● Recorded data:
=== Section Start ===
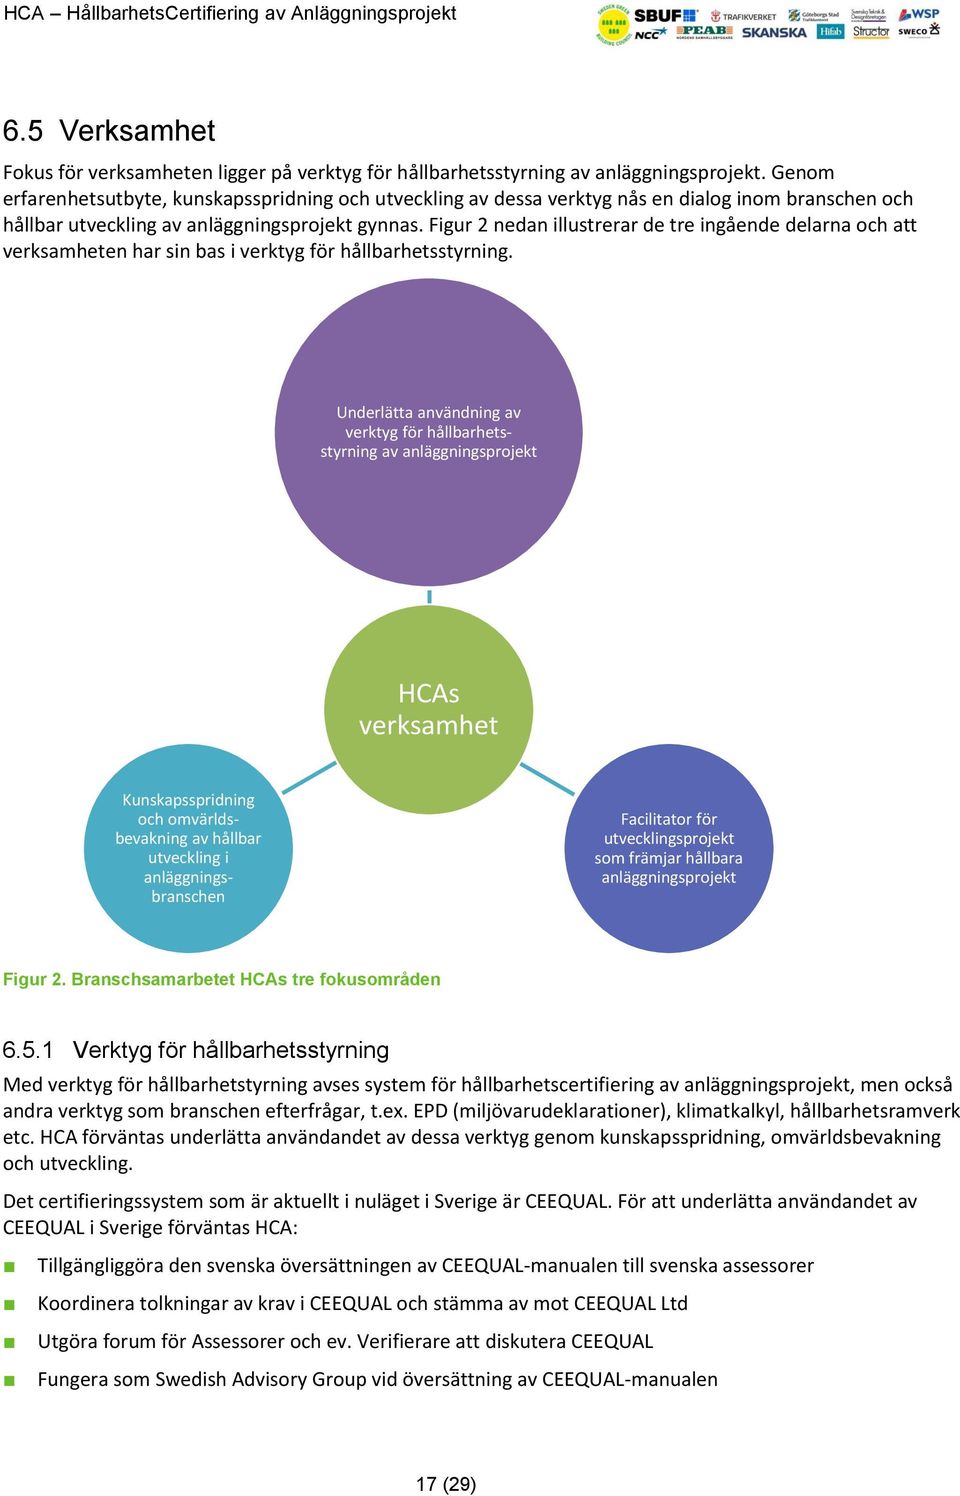 Figur 2 nedan illustrerar de tre ingående delarna och att verksamheten har sin bas i verktyg för hållbarhetsstyrning.
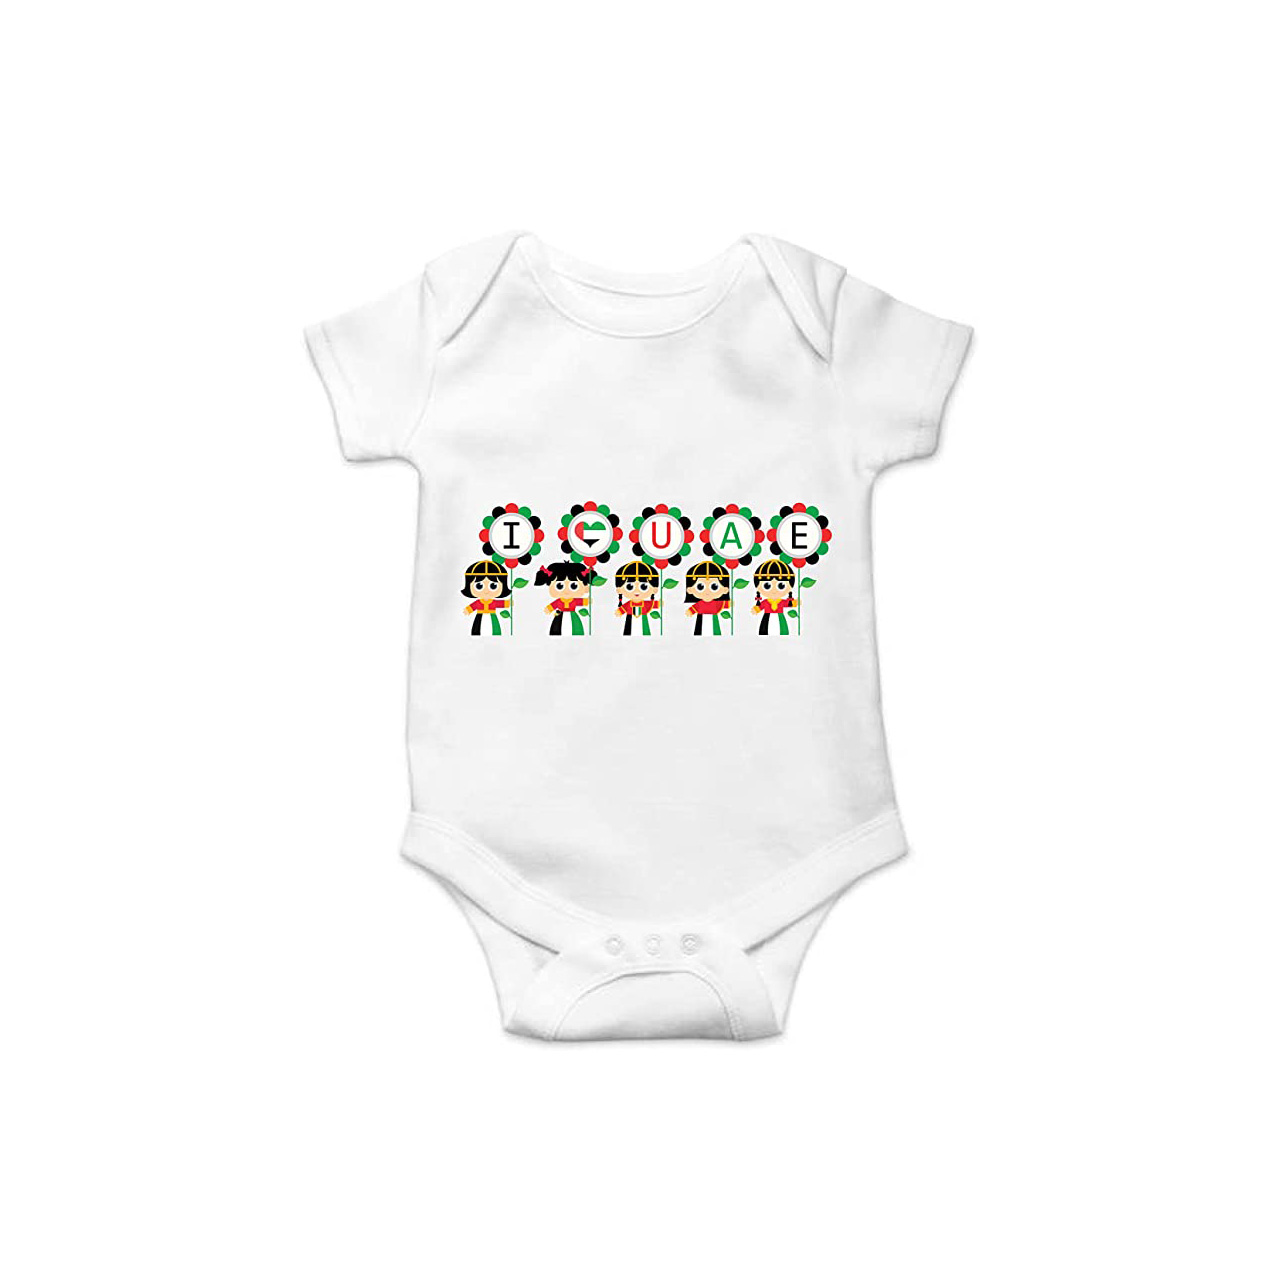 UAE Baby Romper unisex (Design 5)
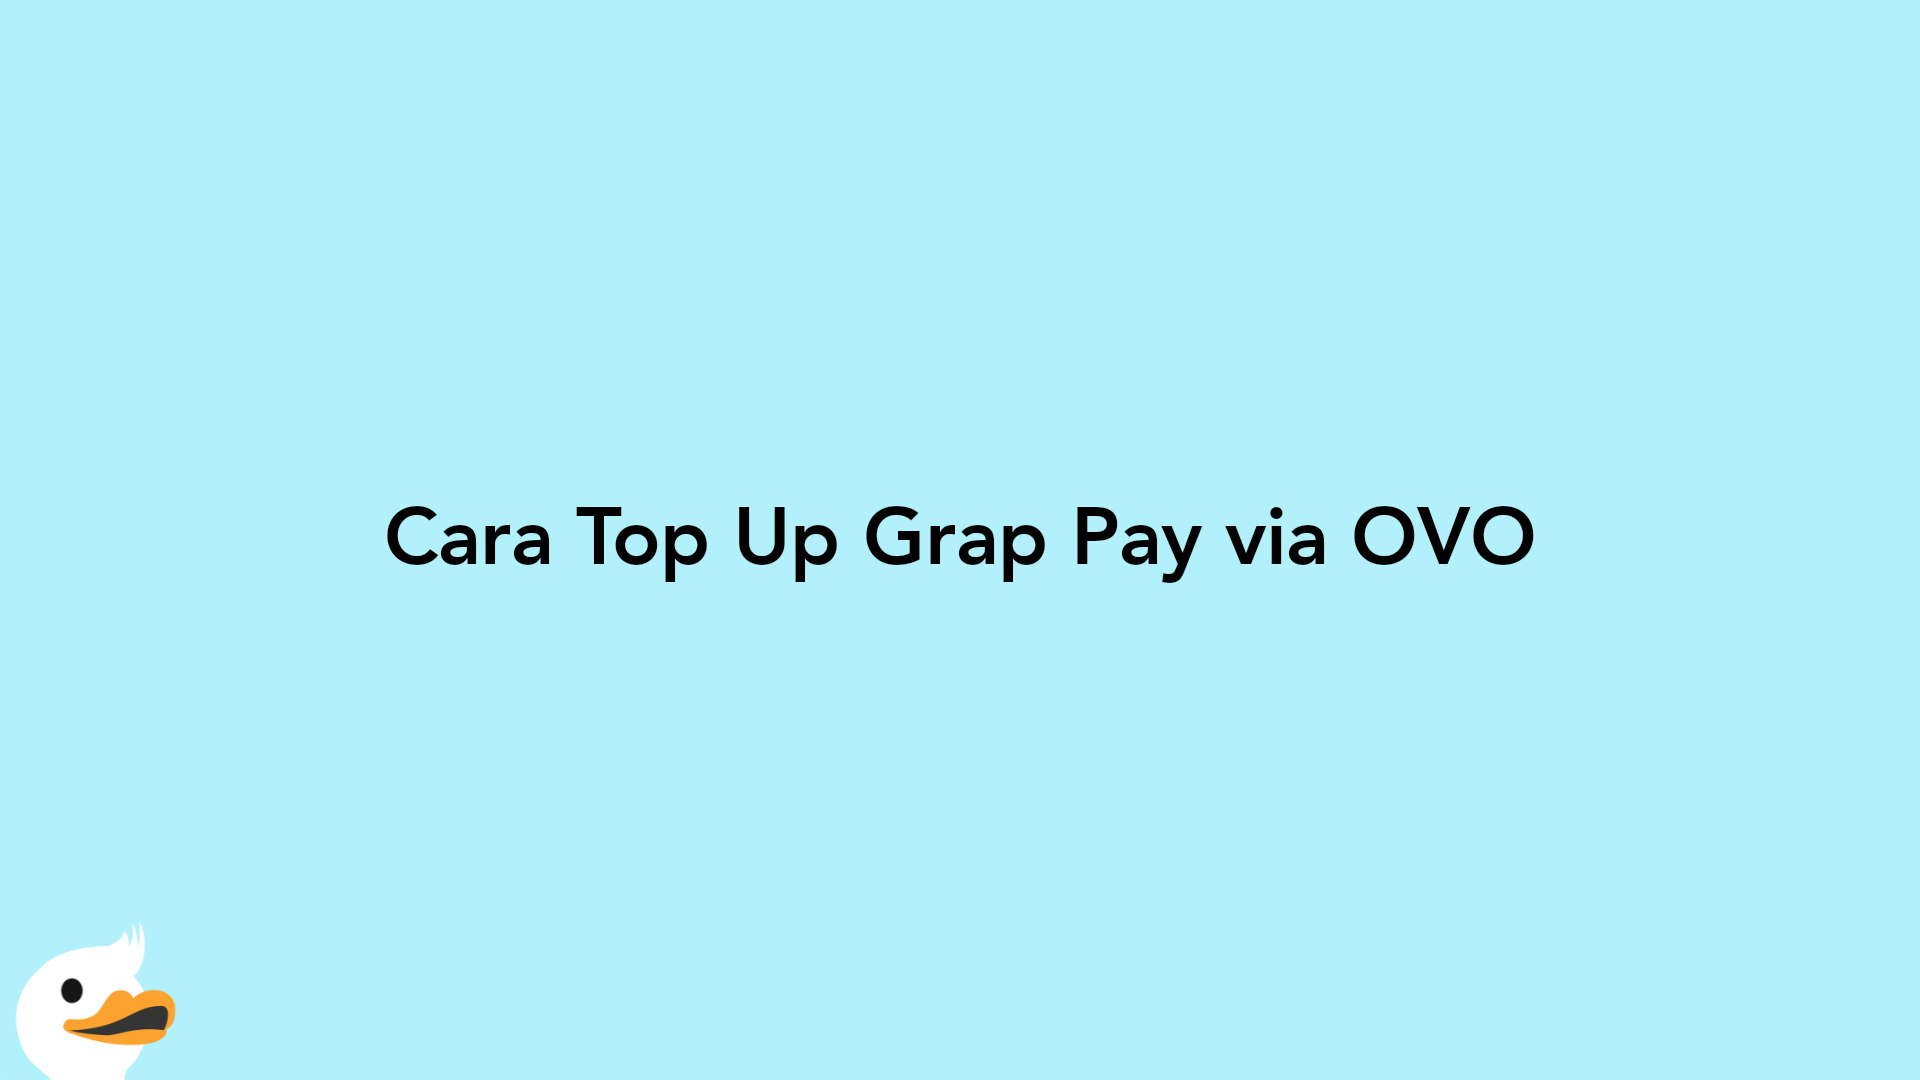 Cara Top Up Grap Pay via OVO
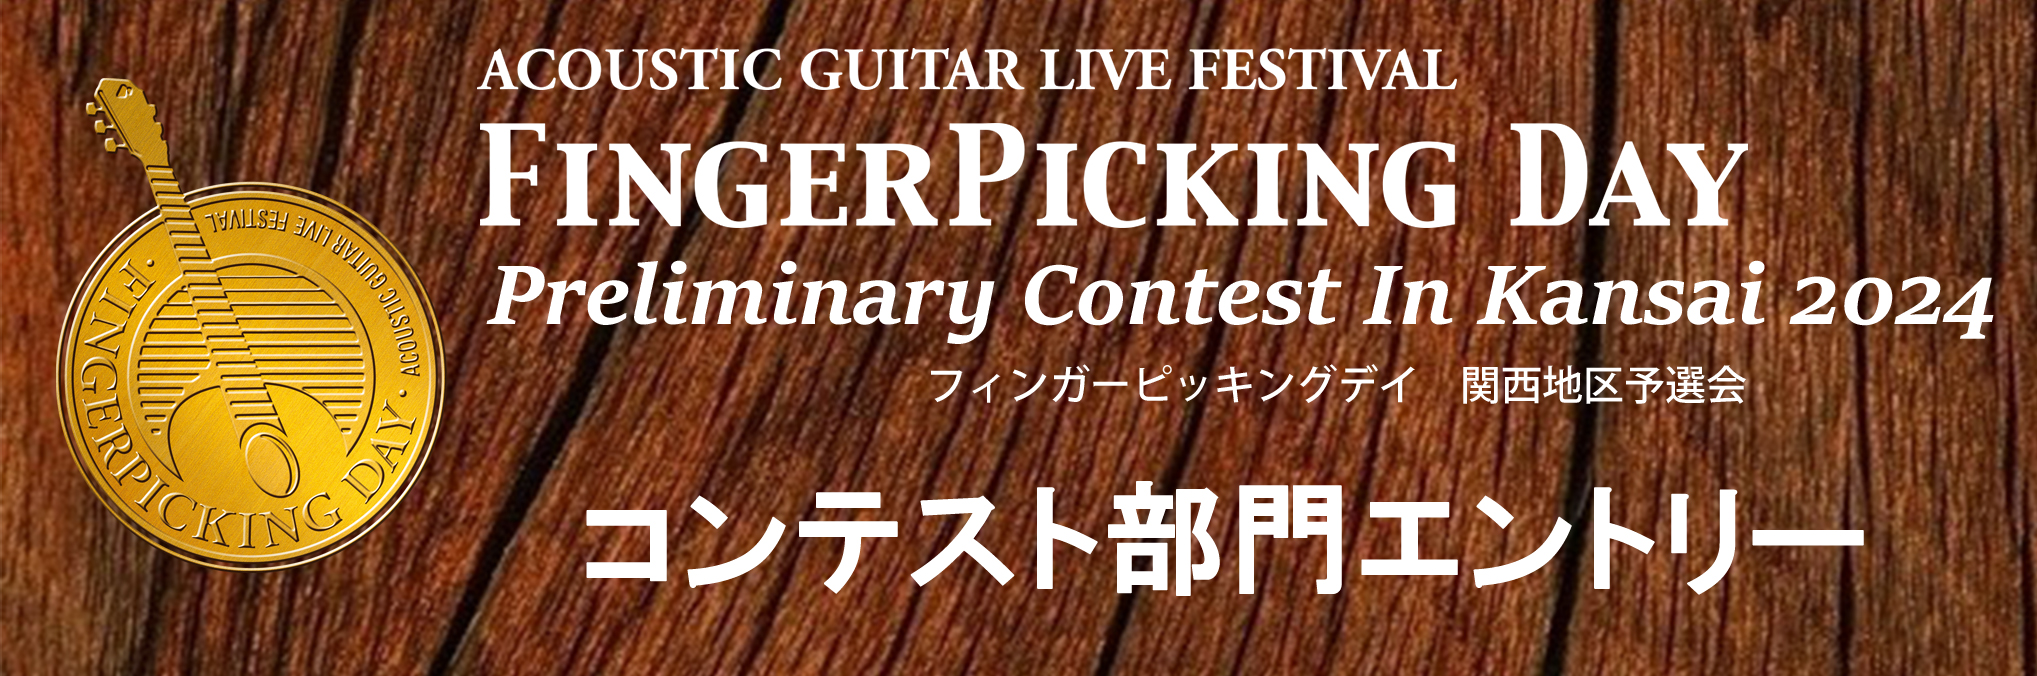 1/20 (土) Finger Picking Day 2024 関西地区予選 コンテスト部門エントリー
=== Section End ===
● To do:
The pictures stay out; copy the rest of the data word for word.

● Task response:
 Figur 2 nedan illustrerar de tre ingående delarna och att verksamheten har sin bas i verktyg för hållbarhetsstyrning.
 UAE Baby Romper unisex (Design 5)
 Cara Top Up Grap Pay via OVO
 1/20 (土) Finger Picking Day 2024 関西地区予選 コンテスト部門エントリー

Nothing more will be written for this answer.